For a traditional data platform, it takes a relatively long time to implement a new data delivery or to adjust an existing data delivery. After a functional and technical analysis, a development process must be started so that the new ETL process can be developed, tested, accepted, and commissioned for the specific delivery. This does not yet even take into account functional acceptance, rework based on test results, documentation, or follow-up care. All in all, it takes a great deal of work to achieve one data delivery.
3. Intensive Management
The growing number of clients and data deliveries also has significant consequences for the scope and complexity of the management of all data streams. Moreover, the volume on your data platform increases dramatically over time. More and more clients want to receive increasing volumes of data. All of the supplied data is replicated and stored in one way or another. In other words, data volumes don’t grow gradually, but exponentially. More data and increased data deliveries automatically lead to more management, until all of the leeway is gone. The environment becomes way too expensive, and problems can no longer be solved fast enough, resulting in incomplete data sets being delivered, late delivery, and even incorrect data.
4. Limited Governance
When you work with confidential data, the rules and regulations seem to be ever increasing. There are substantial risks and fines associated with the incorrect use of data and data breaches, and it is a constant challenge to update your data platform to accommodate this. Today, legislative requirements are taken into account at the design phase. The main question used to be “what does the client want?” Now, the questions are “what does the client want, is the client allowed to have it, and how safe is it?”

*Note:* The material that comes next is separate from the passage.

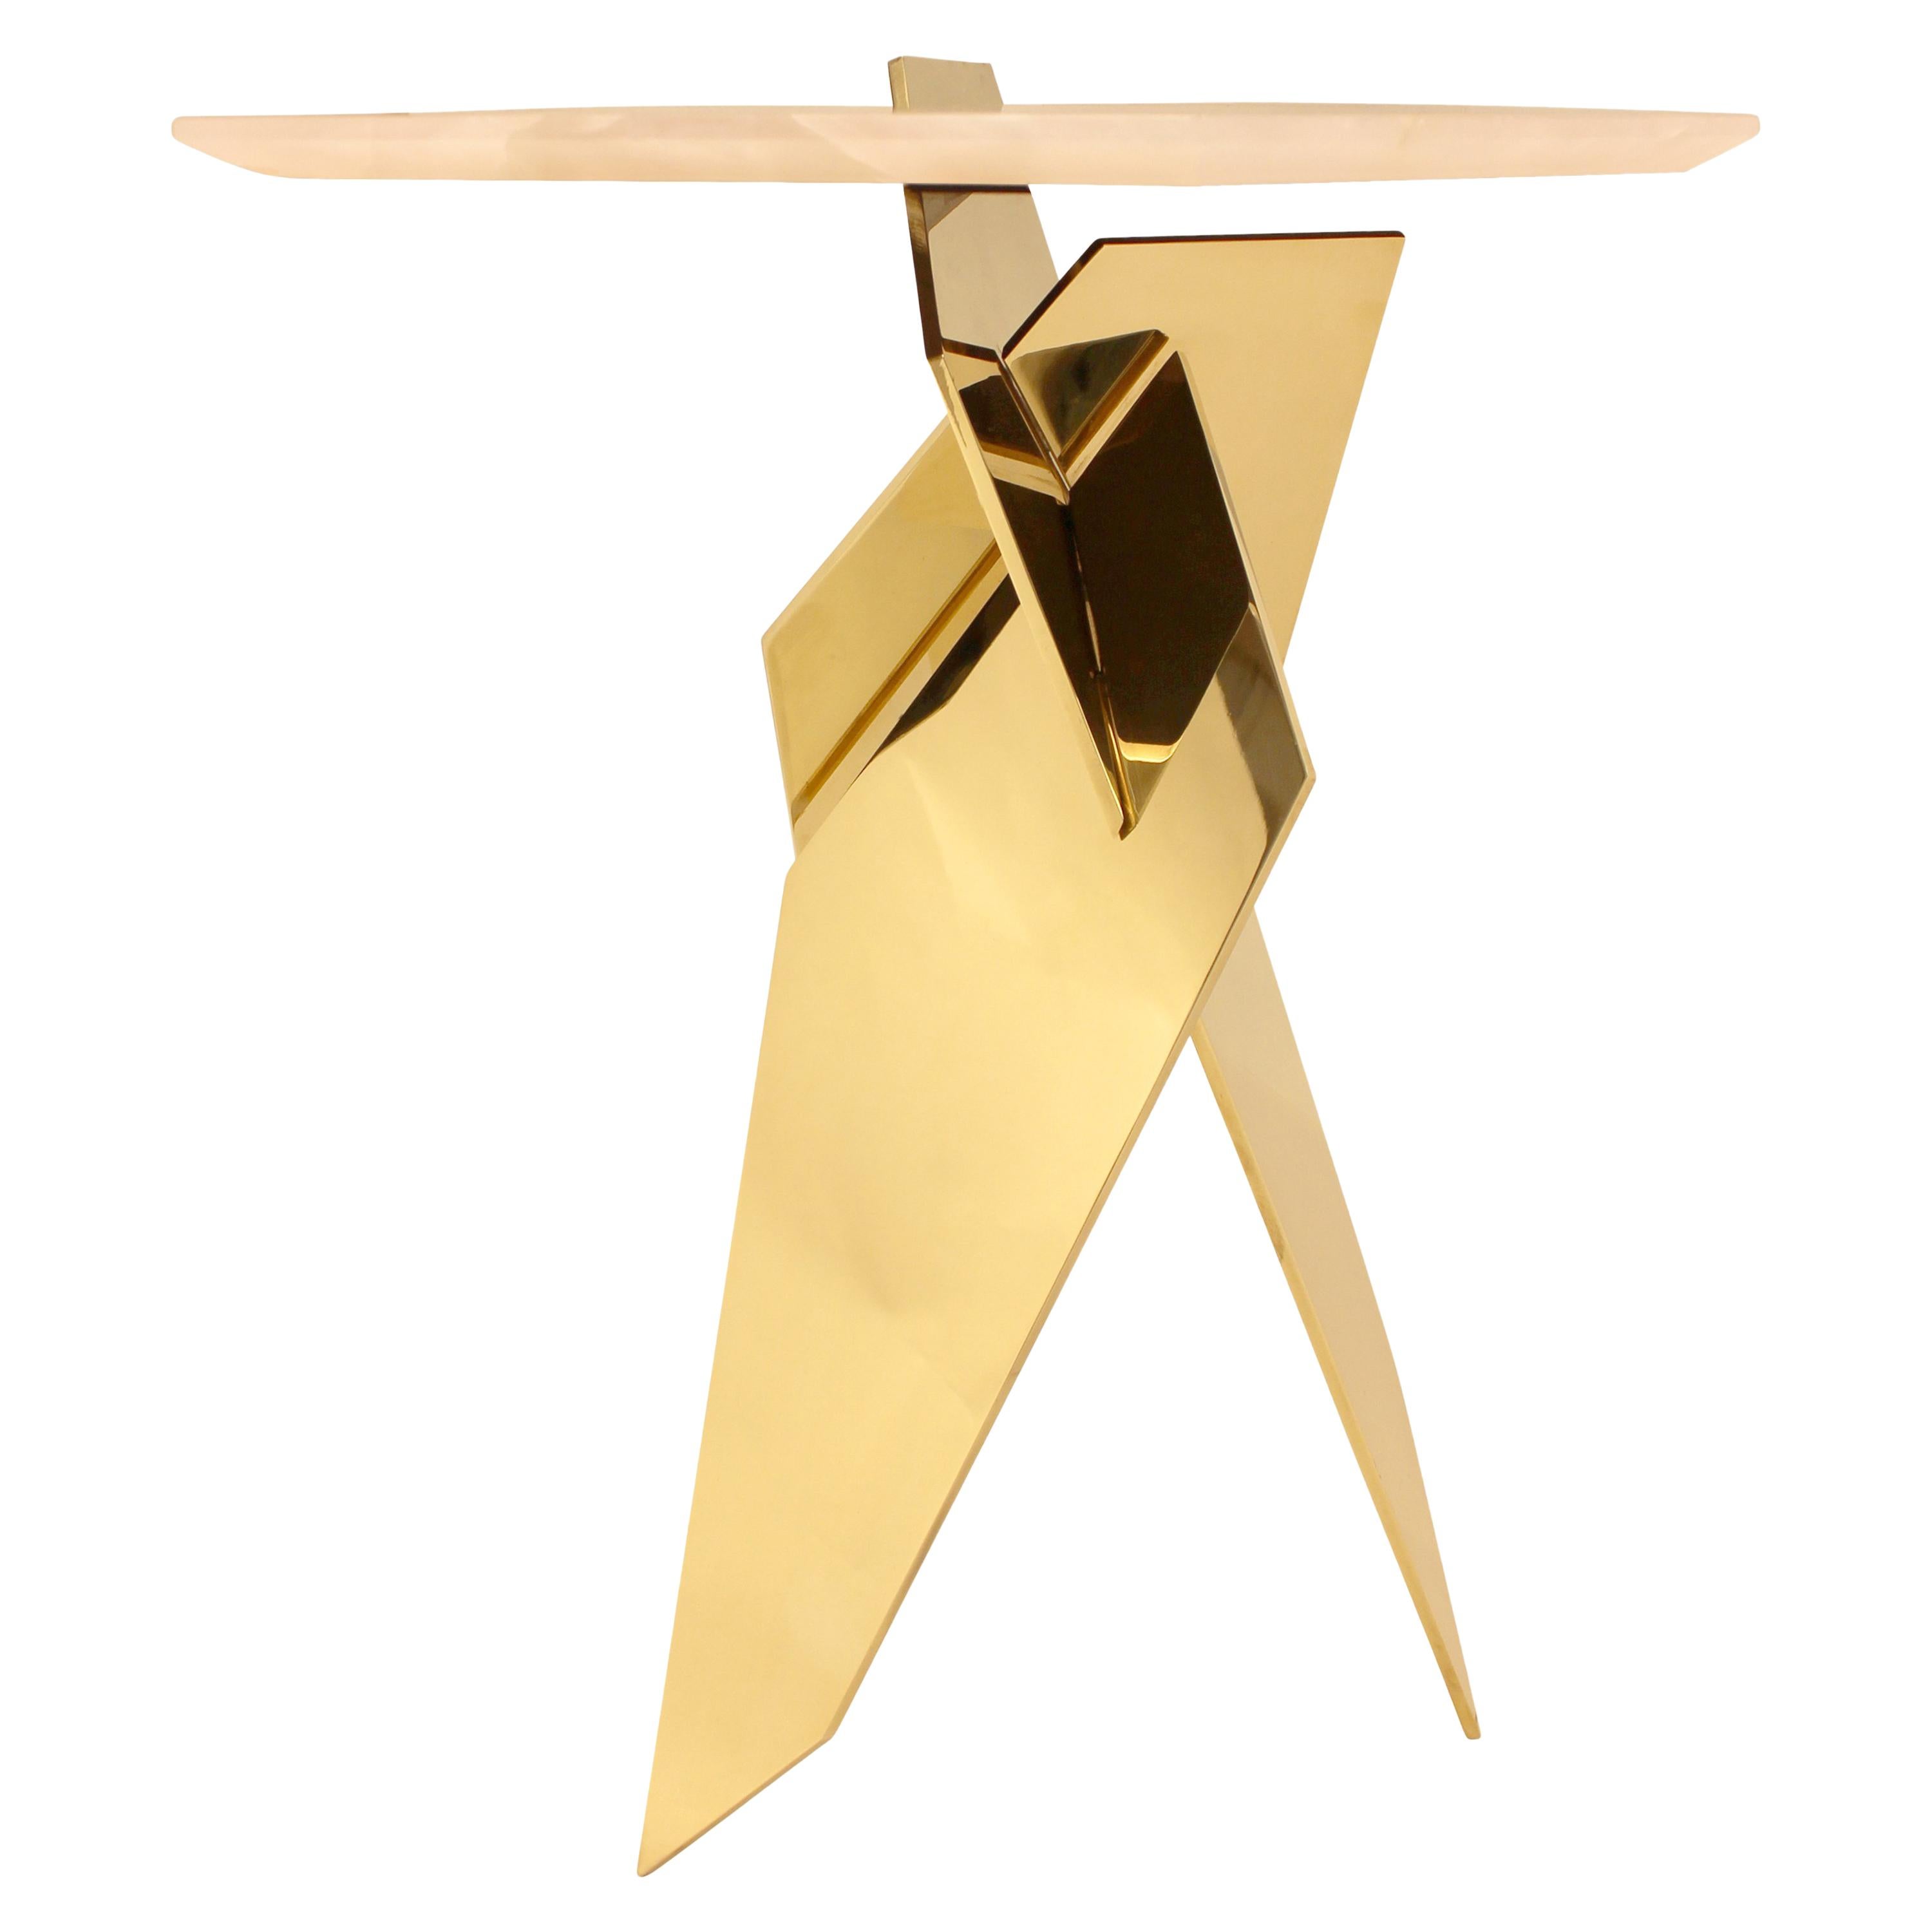 Sculptural Shard Table in Polished Bronze with Pink Onyx Top im Angebot

Laws and regulations pose two challenges. When compiling your data deliveries, you must take great care with what the recipient is entitled to see. There could also be multiple recipients! In addition, your environment must be auditable. You must record the origin of each data element and the way in which the information was generated. You must be able to demonstrate that the recipients of the information are entitled to view the (compiled) information. Even if your information is not privacy-sensitive, data governance is still a very relevant subject. It is disastrous if a user is able to view information that is not intended for him or her, or makes decisions based on incorrect or incomplete data.
A data virtualization platform solves these four problems and helps you create order in the chaos and data deliveries. Four problems solved in one go!
Data virtualization unlocks and integrates data from various sources, in a logical way, and makes it available to receiving systems, without replicating any data. This technology produces the same end result as that achieved with traditional ETL processes, in which data is physically replicated. Data virtualization helps you to get your data deliveries done more efficiently and gives you more flexibility to implement changes with less management effort. Moreover, you can easily provide insight into how data sets were created, who has access to what data, and what information is being requested.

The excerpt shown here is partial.